The final output of Adaboost is:

#### $$F_M(x) = sign(\sum_{m=1}^M \alpha_mf_m(x))$$

Where $f_m$ represents the individual base learners, $F_M$ is the ensemble model, with $M$ being the number of base learners. Since the targets are -1 and +1, the decision boundary is 0, so we just take the sign to determine the final prediction. We typicaly use $\alpha$ as the symbol to weight each classifier, since $w$ will be used for something else-in particular, to tell us how important each sample is. 

<br>
## 1.2 AdaBoost
Let's now talk about the **AdaBoost** algorithm itself. The idea is that we are going to add each base model one at a time, which is called **additive modeling**. We train the base model on all of the training data, which means there is no resampling or bootstrapping here. The difference between this and the other algorithms that we have studied, is that we are going to weight how important each sample is, using $w_i$ for $i = 1...N$. We will modify $w_i$ for each round. So intitially they will all be equal, but if we get the prediction for the pair $x_i, y_i$ wrong, then we will increase $w_i$ for that round. In this way, the base model knows which samples are more important. Else we will decrease $w_i$.

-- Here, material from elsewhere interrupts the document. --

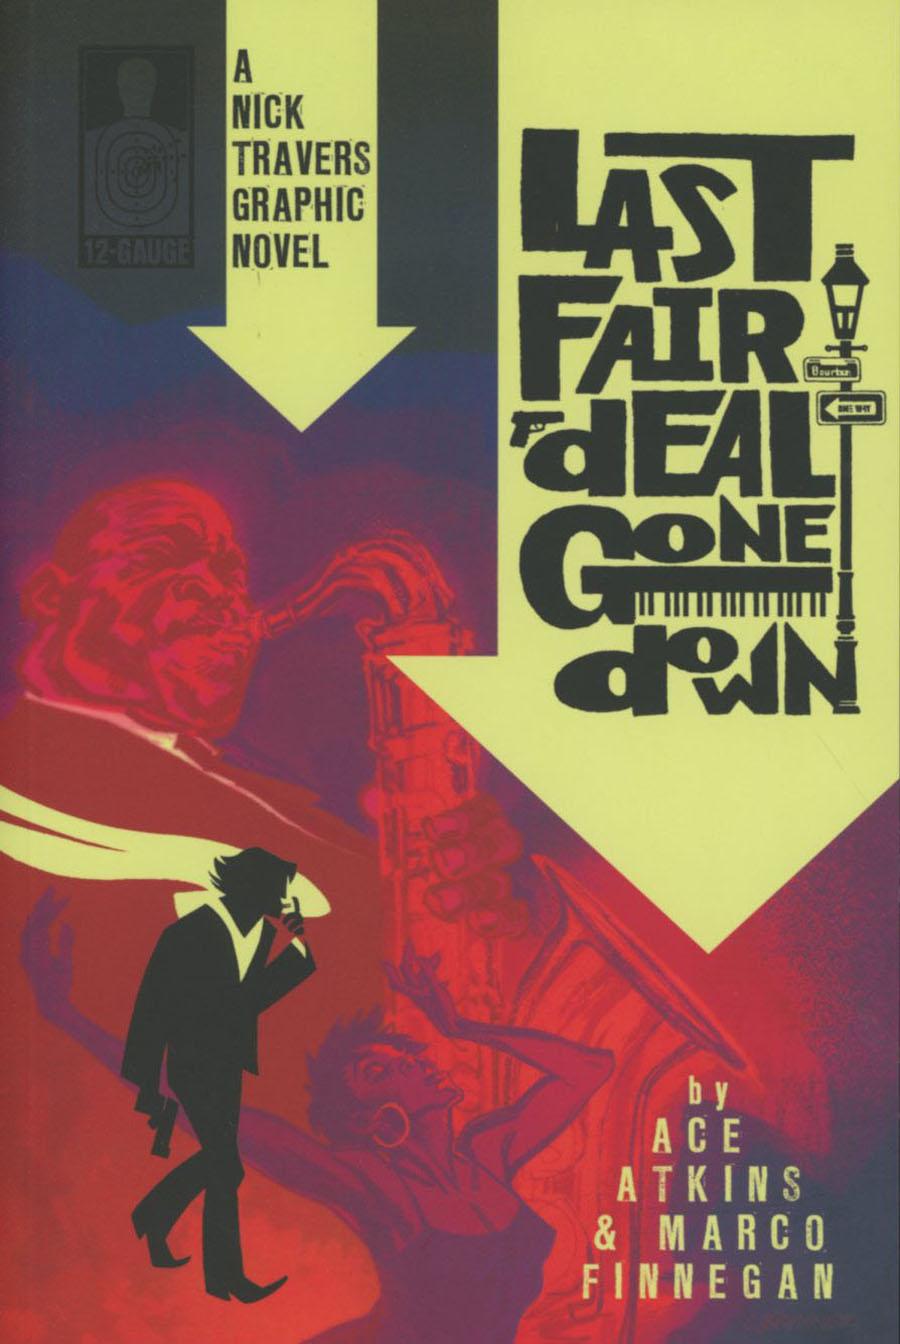 Nick Travers Vol 1 Last Fair Deal Gone Down GN
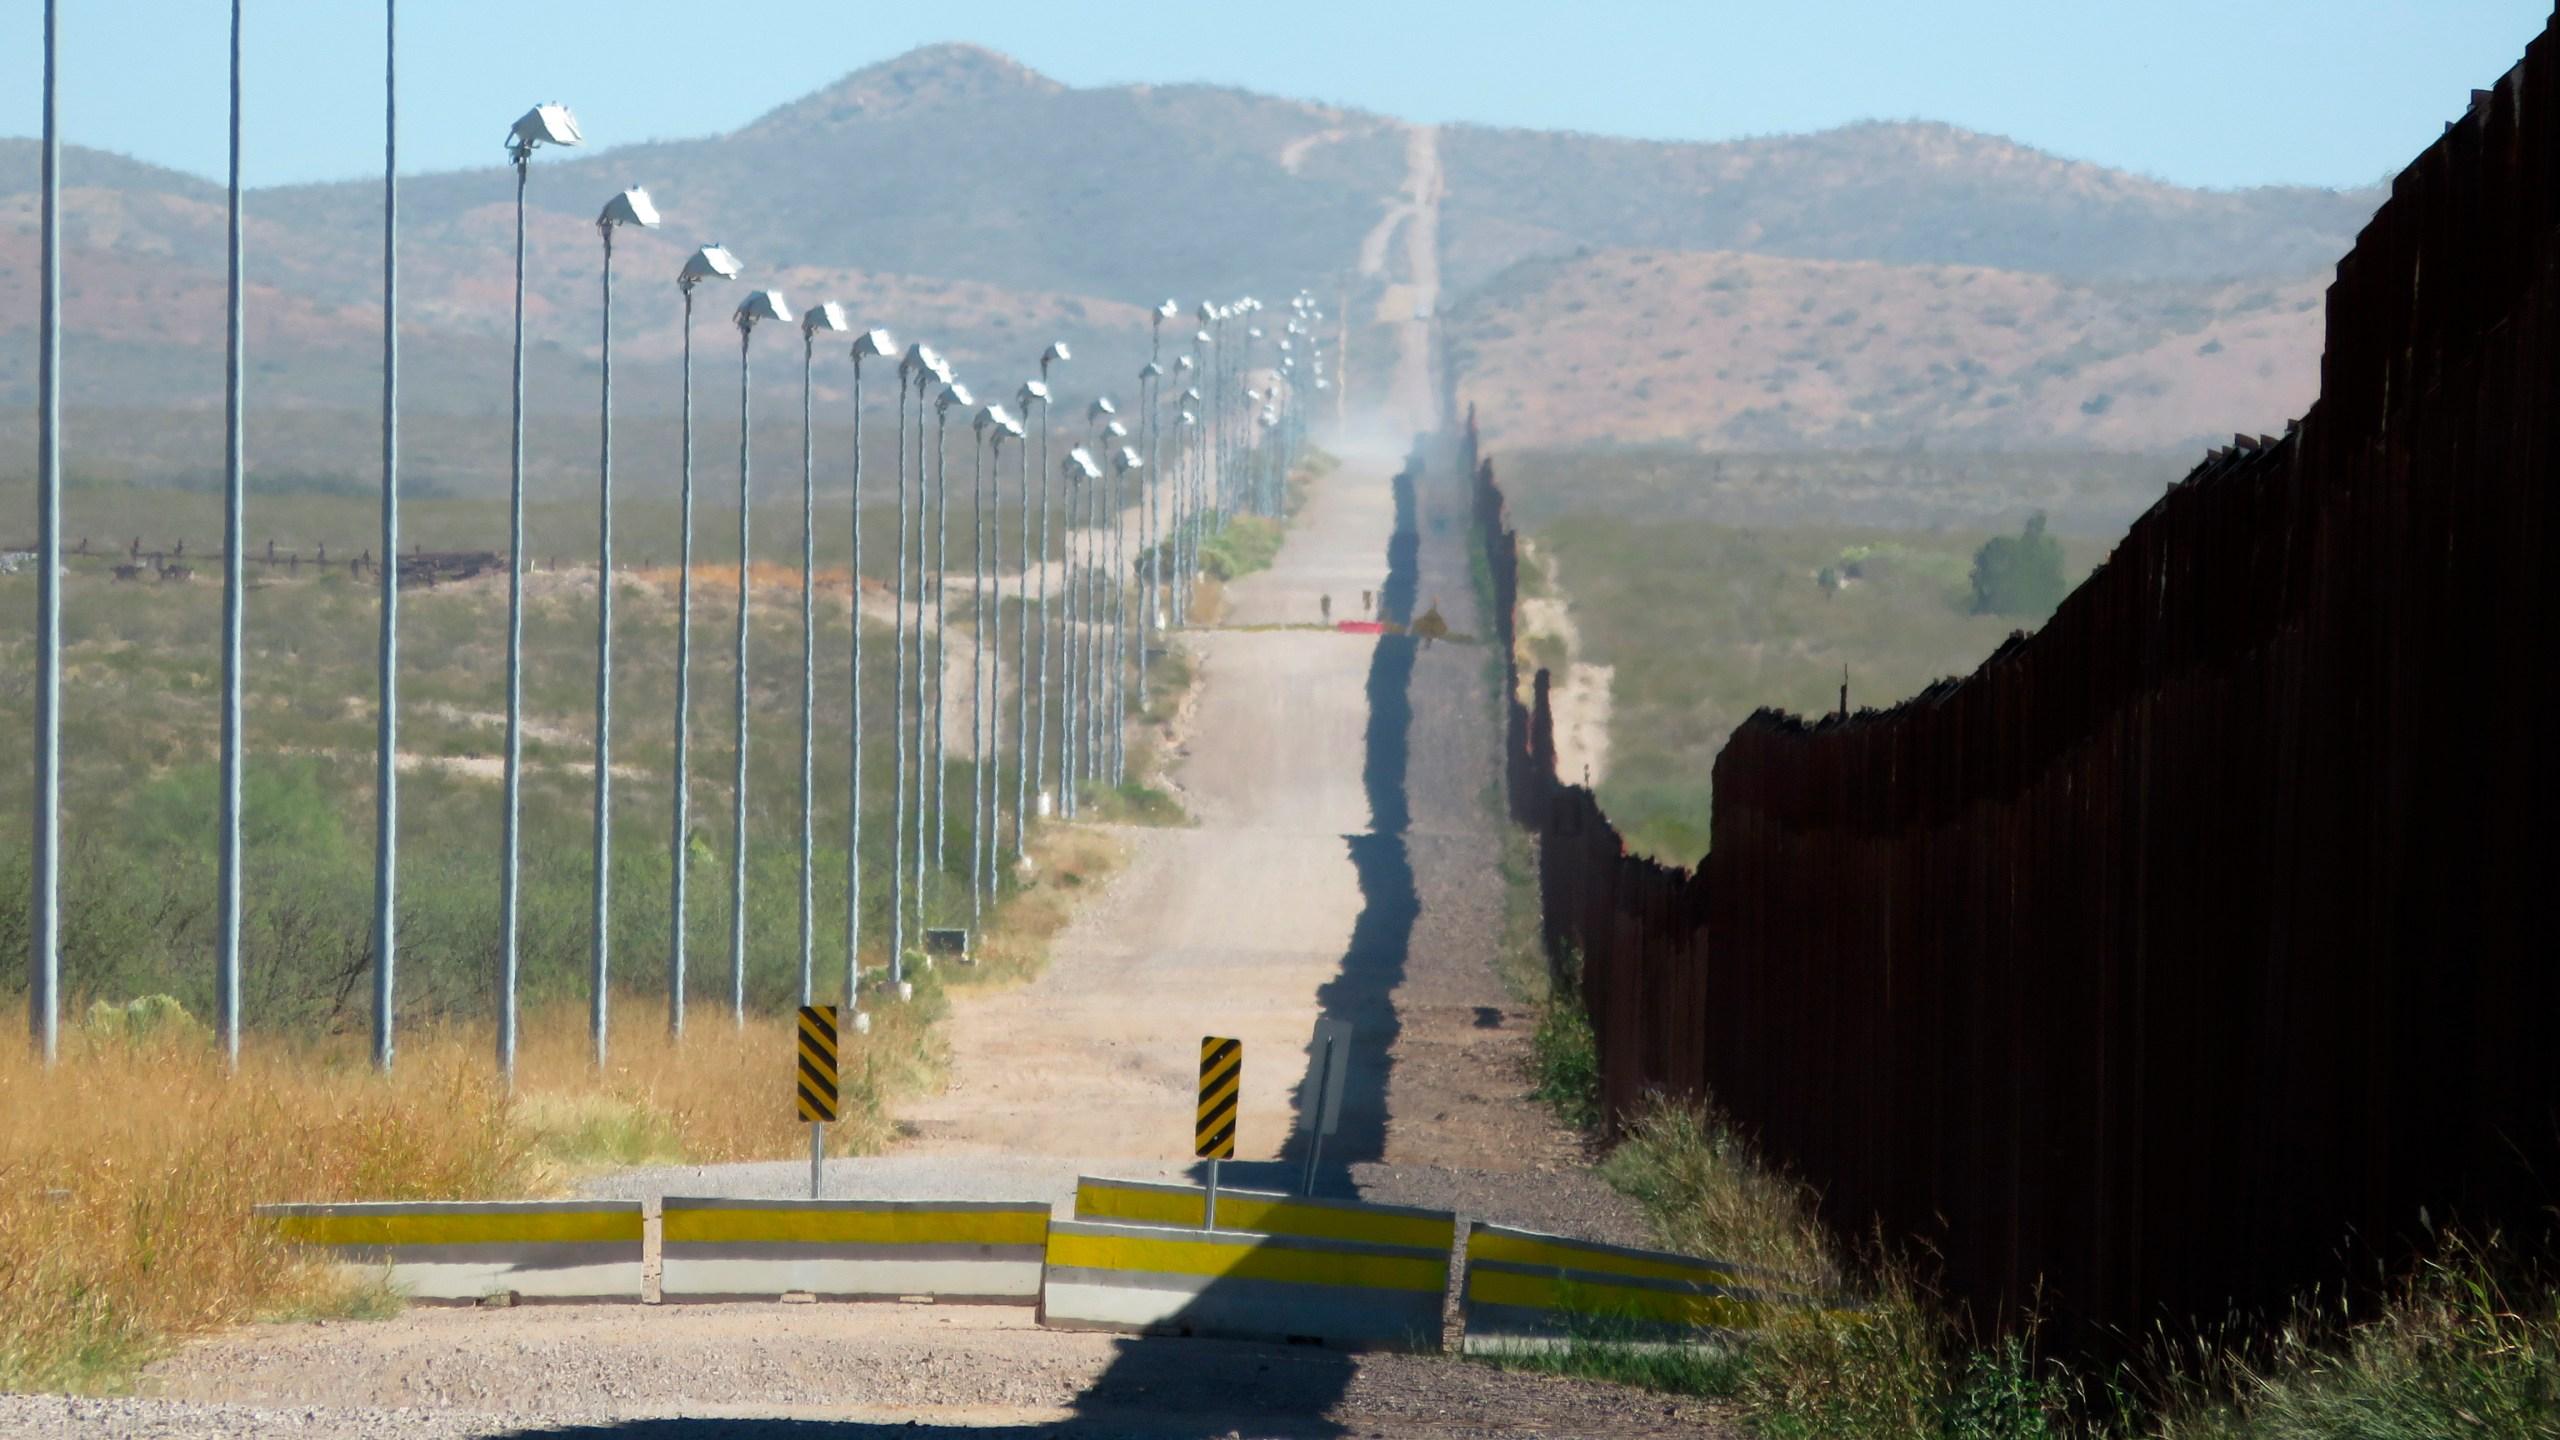 Mexico_Border_Wall-Images_88386-159532.jpg80147316

You can imagine that this may require us to modify the cost function. For example, for logistic regression, you would need to multiple each individual cross entropy by the weight for that sample.

#### $$J_{weighted} = \sum_{i=1}^N w_i\Big[t_ilogy_i +(1-t_i)log(1-y_i) \Big]$$

For the decision tree, luckily the scikit learn API already allows us to pass in sample weights to our fit function!

Once we have trained the base model (on all data $X,Y$ with weights $w_i$, where $i=1..N$), we calculate its error weighted by $w_i$. We then compute $\alpha_m$, which represents how important this base model is to the final model as a function of the error. Note that if we had less error (our model was more accurate) then $\alpha_m$ should be bigger. Then we store $\alpha_m$ and we store the base model $f_m$. Once the loop is done, and we hit the specified number of base models, we exit the loop and we are done training. 

<br>
### 1.2.1 AdaBoost Pseudocode 
---
**Explained/with Equations**
* We want to start by giving $w_i$ a uniform distribution, so each sample has equal importantance. 
* Then in a loop, we create a base model $f_m$ and train it on all the data with the weights in $w$
* We then calculate the error for this iteration, $\epsilon_m$, which is also weighted by the sample weights
#### $$\epsilon_m = \frac{\sum_{i=1}^N w_i I(y_i \neq f_m(x_i))}{\sum_{i=1}^N w_i}$$
* We calculate $\alpha_m$ which is the log ratio of the weighted correct rate to the weighted error rate. 
#### $$\alpha_m = \frac{1}{2}log \Big[\frac{1-\epsilon_m}{\epsilon_m} \Big]$$
* Essentially this means that if the model is more correct, it gets a higher weight $\alpha$
* Note, the sum over $w$ when we calculate the error rate $\epsilon$ is not necessary if we normalize $w$ like we do in the second last step. It is left there for completion sake, and to remember that the error will be a number between 0 and 1. 
* Next, we update the $w_i$'s. We can see that if we are correct, the $y_i$ and $f_m(x_i)$ are the same sign, hence $w_i$ decreases. If we are wrong, then $y_i$ and $f_m(x_i)$ are of opposite signs, so $w_i$ increases. This is why we require the targets to be either -1 or +1.
#### $$w_i = w_i* exp\Big[-\alpha_my_if_m(x_i)\Big], i =1,...,N$$
* We then normalize $w$ because we treat it like a probability distribution 
#### $$w_i = \frac{w_i}{\sum_{i=1}^N w_i}$$
* The last step is to save $\alpha_m$ and $f_m(x)$

**Pseudocode**
```
Initialize w[i] = 1\N for i=1..N
for m=1..M:
  Fit f_m(x) with sample weights w[i]
  e_m = (w * (y != f_m(x) )) / w
  a_m = 0.5 * log((1 - e_m) / e_m)
  w = exp(-a_m * y * f_m(x))
  save a_m, f_m(x)
```

---

We can notice that the Adaboost algorithm is very specific to binary classification, requiring the two classes to be **{-1, +1}**. There are extensions in literature that discuss adaboost modifications for multiclass classification and regression. Our goal is just to get the main idea down. If you do desire to work with adaboost for multiclass classification or regression, scikit learn comes packaged with those already. As with random forest, the authors recommend using trees as the ideal base model, but linear classifiers are common as well.